With the exception of one or two tabloids, Czech dailies do not come out on Sundays or official holidays, so today is the first day when all the papers are available, after the Christmas pause. And so it's quite natural that most of them reflect on the holiday in one way or another. On its front page Mlada fronta Dnes has a picture of Czech archbishop Miloslav Vlk serving mass in the St. Vitus Cathedral at Prague Castle on Chrismas Day.
And with children still enjoying the new toys they found under the Christmas tree on Christmas Eve, the paper looks at the fate of old toys, toys children have grown tired of. Czechs do not throw old toys away, Mlada fronta Dnes concludes. They're either given away to friends who have smaller children, or, usually before Christmas, old toys are collected and given to children in orphanages and children's homes. But the most cherished ones are put away and kept as souvenirs. That goes especially for dolls and teddy bears which most people keep in spite of the lack of space in the typically small Czech apartments.

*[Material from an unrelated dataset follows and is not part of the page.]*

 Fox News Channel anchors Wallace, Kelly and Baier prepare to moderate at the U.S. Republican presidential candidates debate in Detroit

And according to today's Lidove noviny, the collection of old toys in many families will grow after this Christmas. In the pre-Christmas shopping rush Czechs spent one third more than they did last year. Of course, much of that was spent on food and there was more shopping for skis and sleighs, than in previous years, because of the unusually large snowfall throughout the country.
The daily Pravo, on its front page, reports on the problems caused by the huge amount of snow in North Moravia, where not only villages but whole areas were cut off by snow, with the strong winds making it impossible to keep some roads open to traffic. A snow plow driver with 30 years of experience told a Pravo reporter that he had never had such a busy Christmas as this year.

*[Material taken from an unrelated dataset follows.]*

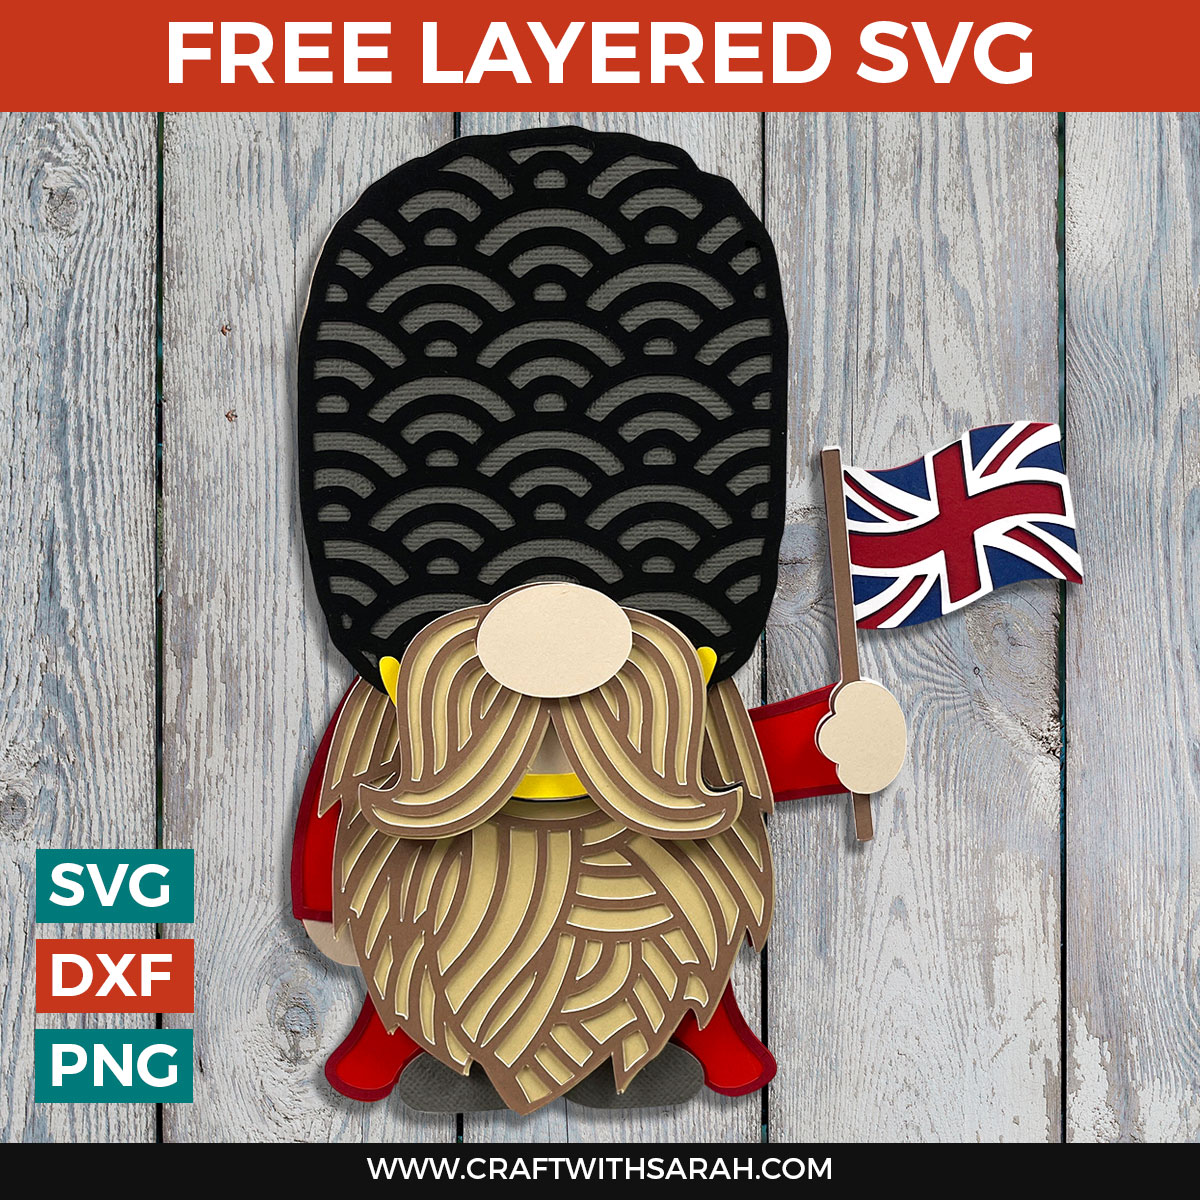 Free Beefeater Guard Gnome SVG for the Queen’s Platinum Jubilee

But the transport problems weren't limited only to North Moravia, Pravo writes that in the South West border region, near a village called Tri sekery, that's Three Axes, the soldiers came out to help clear the roads, but their tank got trapped in the snow.
But even though many people could not go out over the holiday, they weren't really isolated. The financial daily Hospodarske noviny writes about what it calls the Christmas mobile phone craze. Thirty million mobile phone text messages were sent on Christmas Day alone.

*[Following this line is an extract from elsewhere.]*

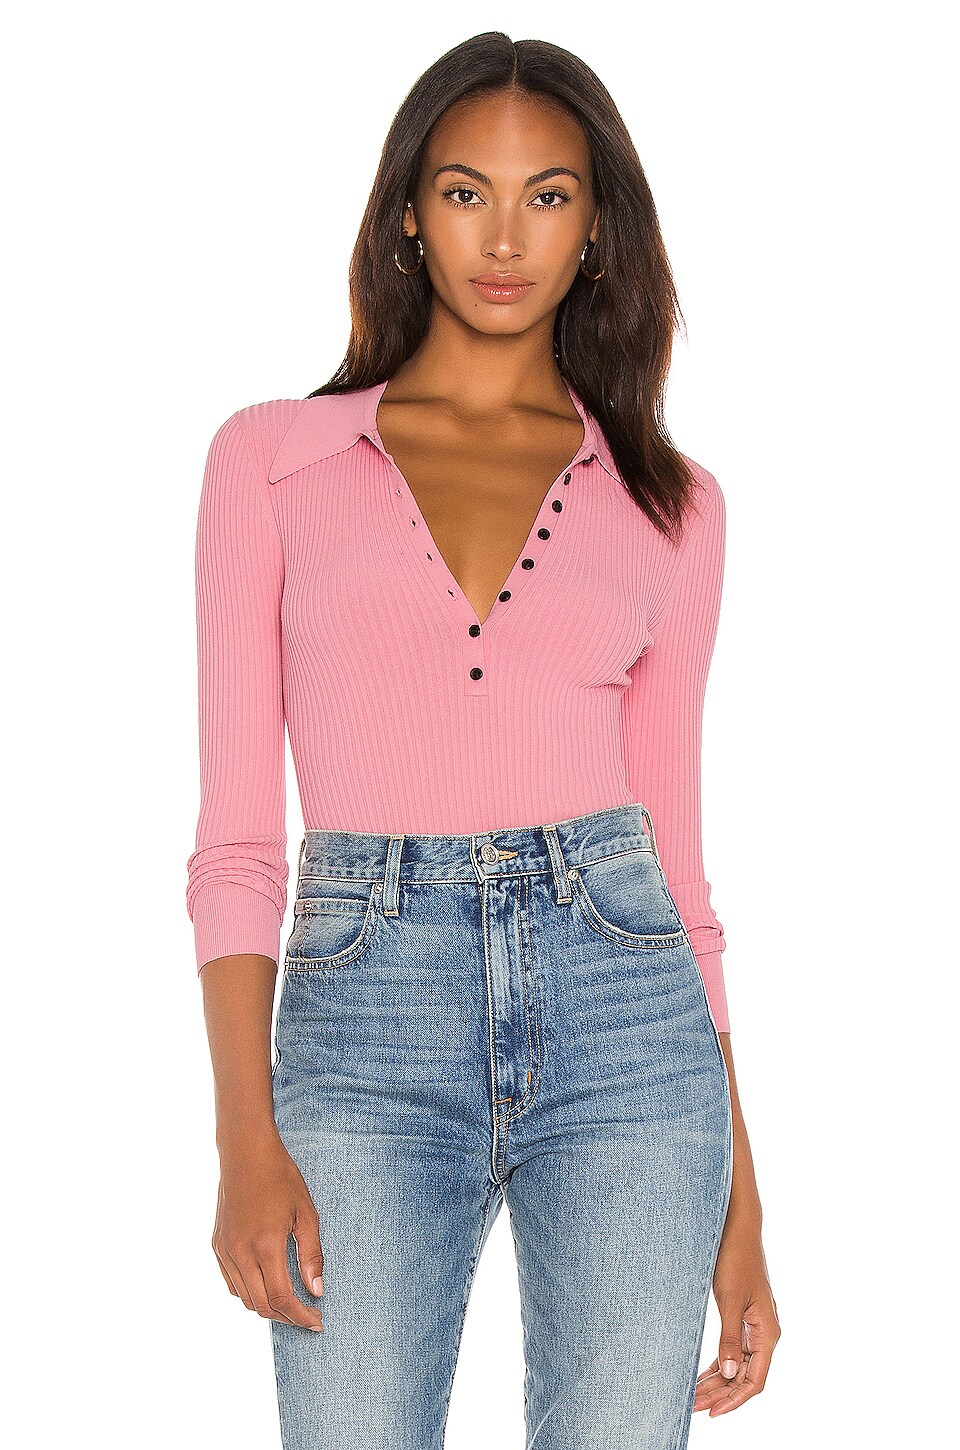 A.L.C. Lance Top in Coral Pink | REVOLVE

And mobile phones were, like last year, one of the most frequent Christmas gifts. But, the paper says, there was also a considerable increase in the amount of rum sold before Christmas, up by some 25 percent. One of the reasons, Hospodarske noviny says might have been nostalgic, this might be the last year for Czech rum, not for the product itself, but for its traditional name. The tradition goes back to the 19th Century, but with the Czech Republic joining the EU, the beverage will have to have a new name, it does not meet EU standards for rum, because it is made of potatoes and sugar beet, instead of sugar cane.